WWF Statement on Closing Illegal Wildlife Markets Across the Asia Pacific Region | WWF
WWF Statement on Closing Illegal Wildlife Markets Across the Asia Pacific Region

Posted on 10 February 2020

WWF will work closely with governments in the Asia-Pacific region to further strengthen national and international legal systems and engage public health sectors to eliminate illegal wildlife trade, including closure of unregulated wildlife market.

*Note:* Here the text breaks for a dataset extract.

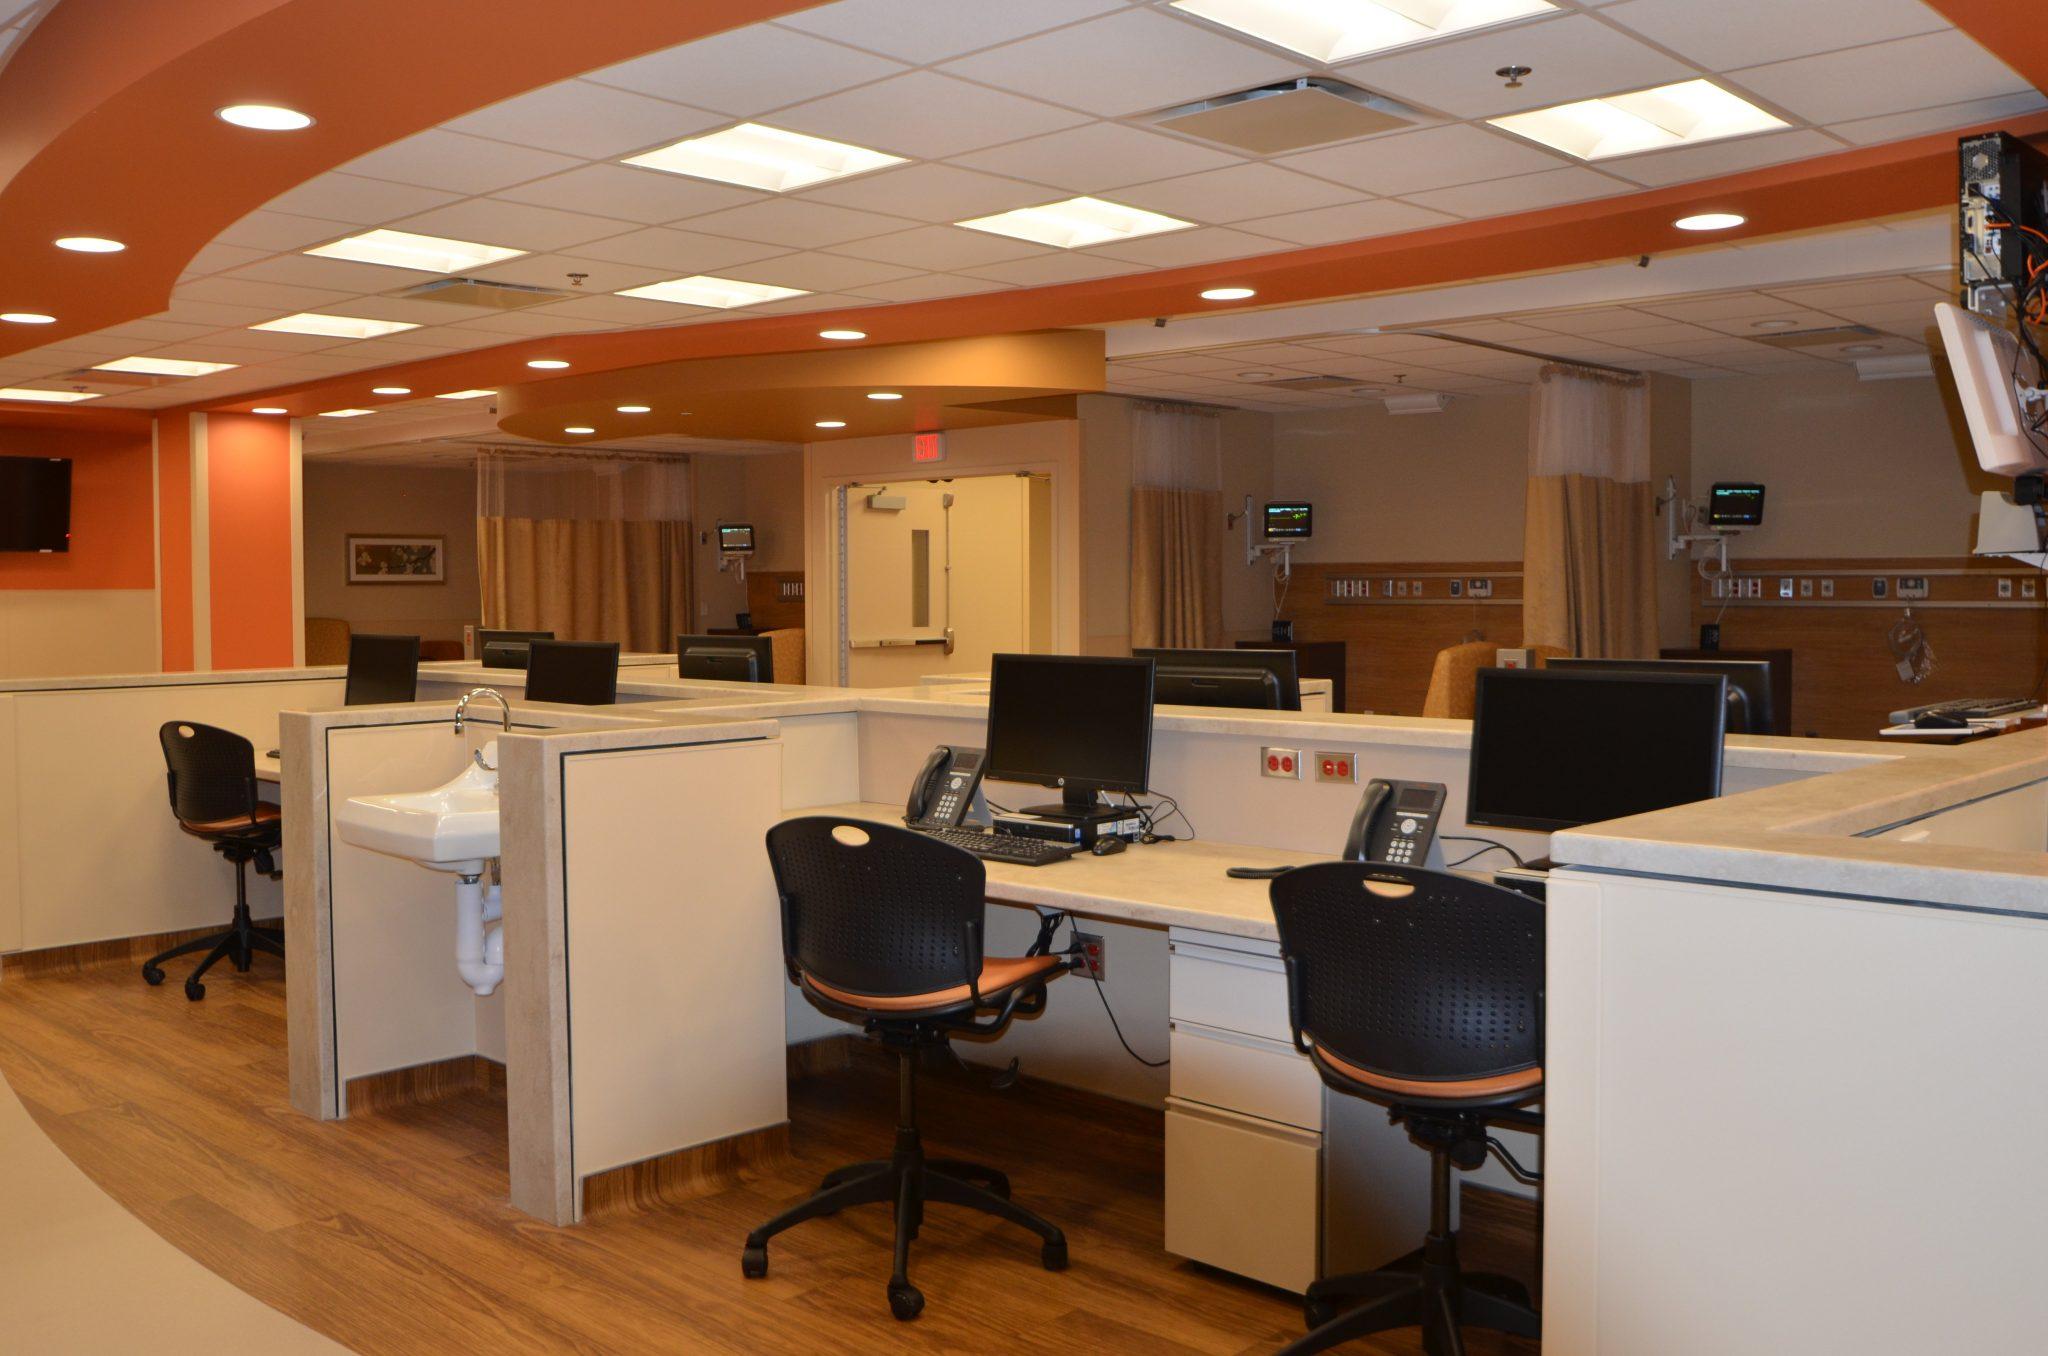 11St. Joseph outpatient surgery room with desks
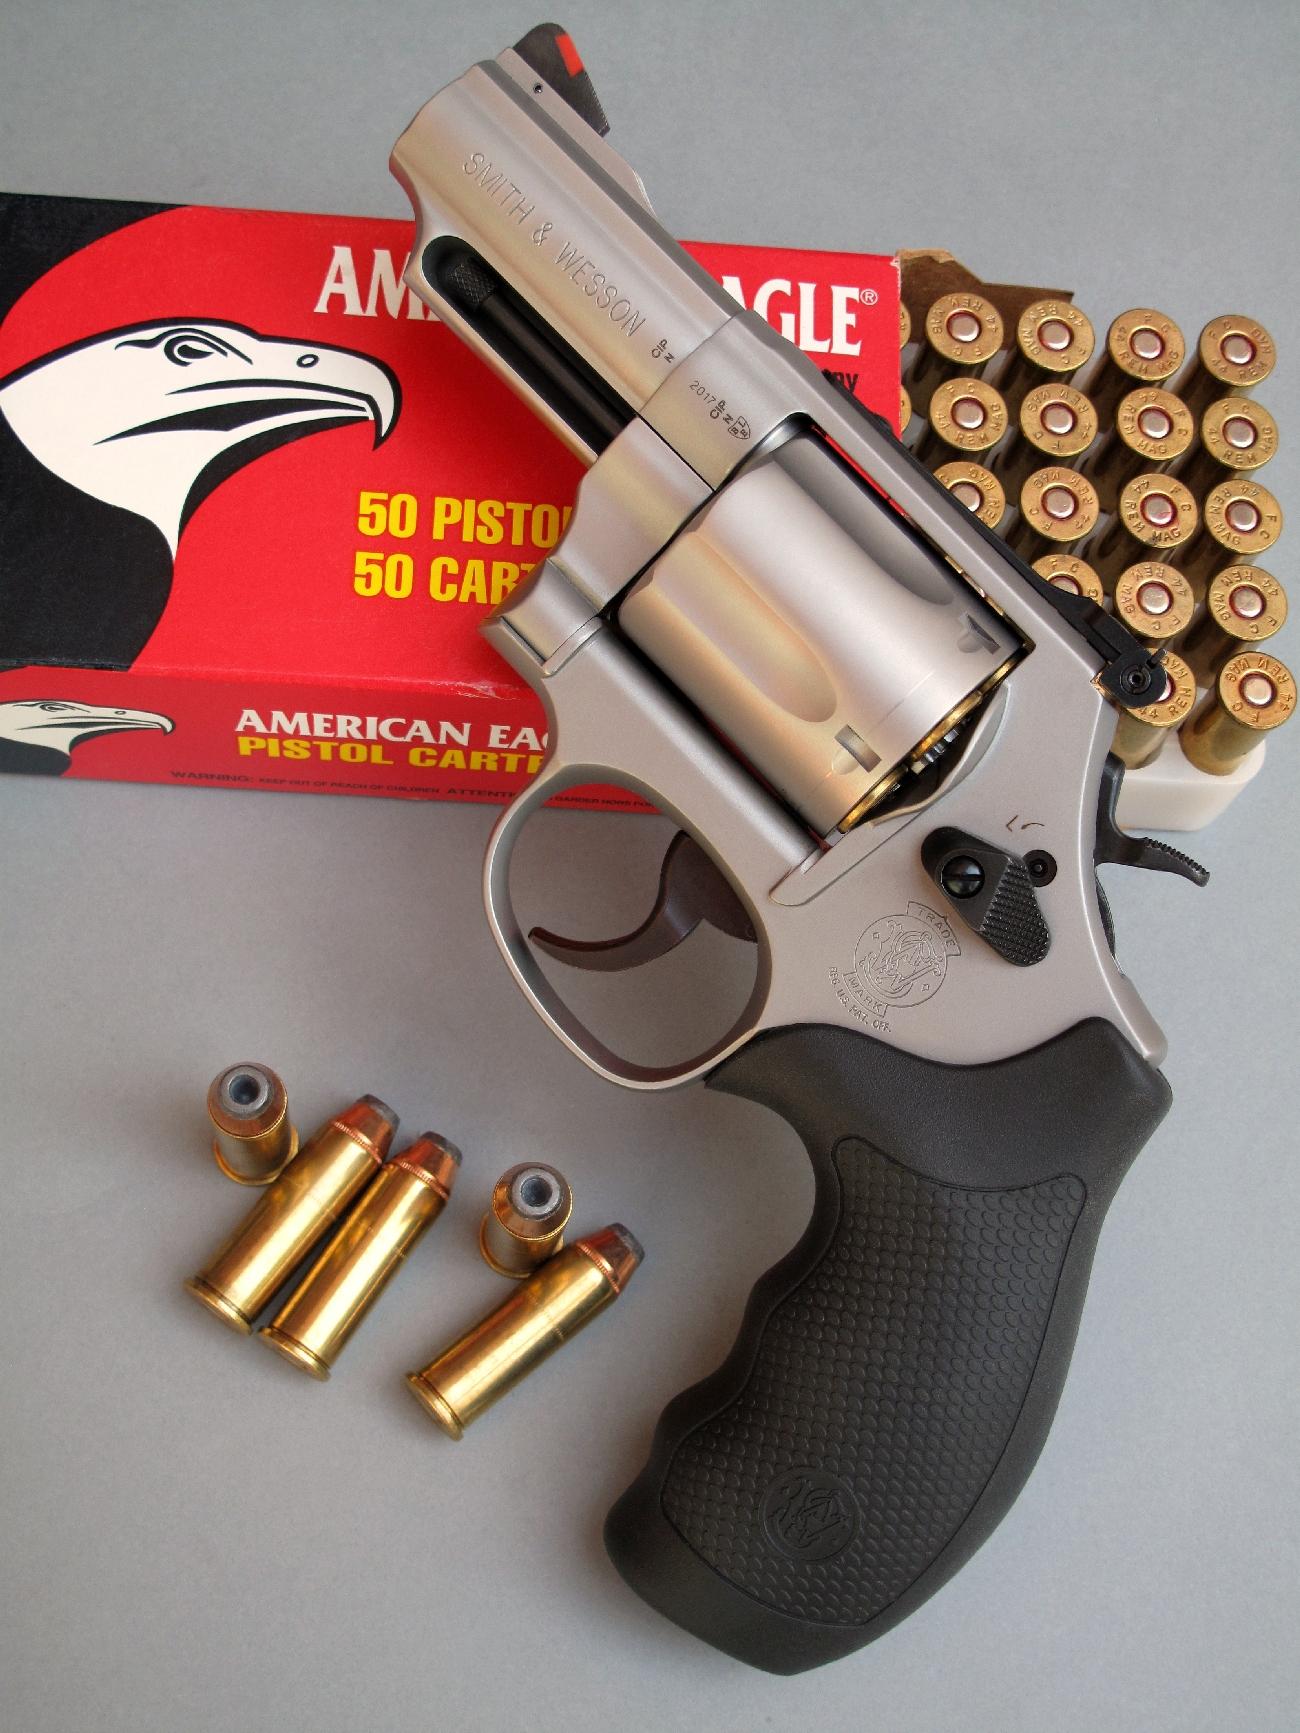 Le S&W modèle 69 est un revolver de défense à canon très court chambré pour le puissant calibre .44 Magnum.

We are deeply saddened by the loss of lives from the Coronavirus outbreak and our thoughts are with the families who have lost loved ones, or who are sick. 
 
The Government of China’s decision to temporarily ban the sale of wildlife in markets, restaurants and online is welcome given the circumstances. While the negative impact of the illegal wildlife trade on plant and animal populations and global biodiversity is well known, the risk to human health that can occur because of wildlife markets appears to be less known. The current emergence and spread of the Coronavirus, as well as SARS, MERS and other similar outbreaks in recent history, underscores the need to take urgent action and raise awareness on the potential threats to human health posed by the illegal and unregulated wildlife trade. 
 
Illegal markets for live and dead wild animals are common across many Asian countries, especially in areas such as Greater Mekong’s Golden Triangle where Laos, Thailand and Myanmar meet close to the Chinese border. Snares set by poachers to supply a growing demand for wild meat has become a widespread problem.  As a result, many of Asia’s tropical forests are being emptied of their endemic wildlife populations -- including many endangered species, the trade in which should be strictly prohibited. Unfortunately, enforcement of laws in many of these illegal wildlife markets is weak or often non-existent. 
 
Not only are these illegal activities threatening wildlife, the absence of any veterinary controls makes them a threat to the health of both people and domestic animals, with the potential to significantly impact communities and economies, both locally and globally. The Coronavirus causes zoonotic disease, which can transfer from animals to humans. The virus has the potential to mutate and infect humans by jumping the species barrier in places where people come in close contact with infected animals. Wildlife markets therefore provide a potentially fertile environment for this type of viral mutation and infection of humans, at times with fatal consequences. Movements of infected people, aided by rapidly growing transportation and tourism sectors, can then turn local outbreaks into pandemics.  
 
“Viet Nam, for many years, has been vulnerable and exposed to zoonotic fatal diseases like SARS and currently, the novel coronavirus (2019-nCoV). Closing down illegal wildlife markets permanently and strengthening enforcement in the illegal wildlife trade would help Viet Nam avoid potential zoonotic outbreaks. In a quick and timely response to the recent coronavirus, the Chinese government banned the trade of wild animals, and Viet Nam can act similarly to contribute to world efforts in preventing any zoonotic epidemics now, and in future years to come.”, said Dr. Van Ngoc Thinh, Country Director of WWF-Viet Nam.
 
WWF will work closely with governments in the Asia-Pacific region to further strengthen national and international legal systems and engage public health sectors to eliminate illegal wildlife trade, including closure of unregulated wildlife market.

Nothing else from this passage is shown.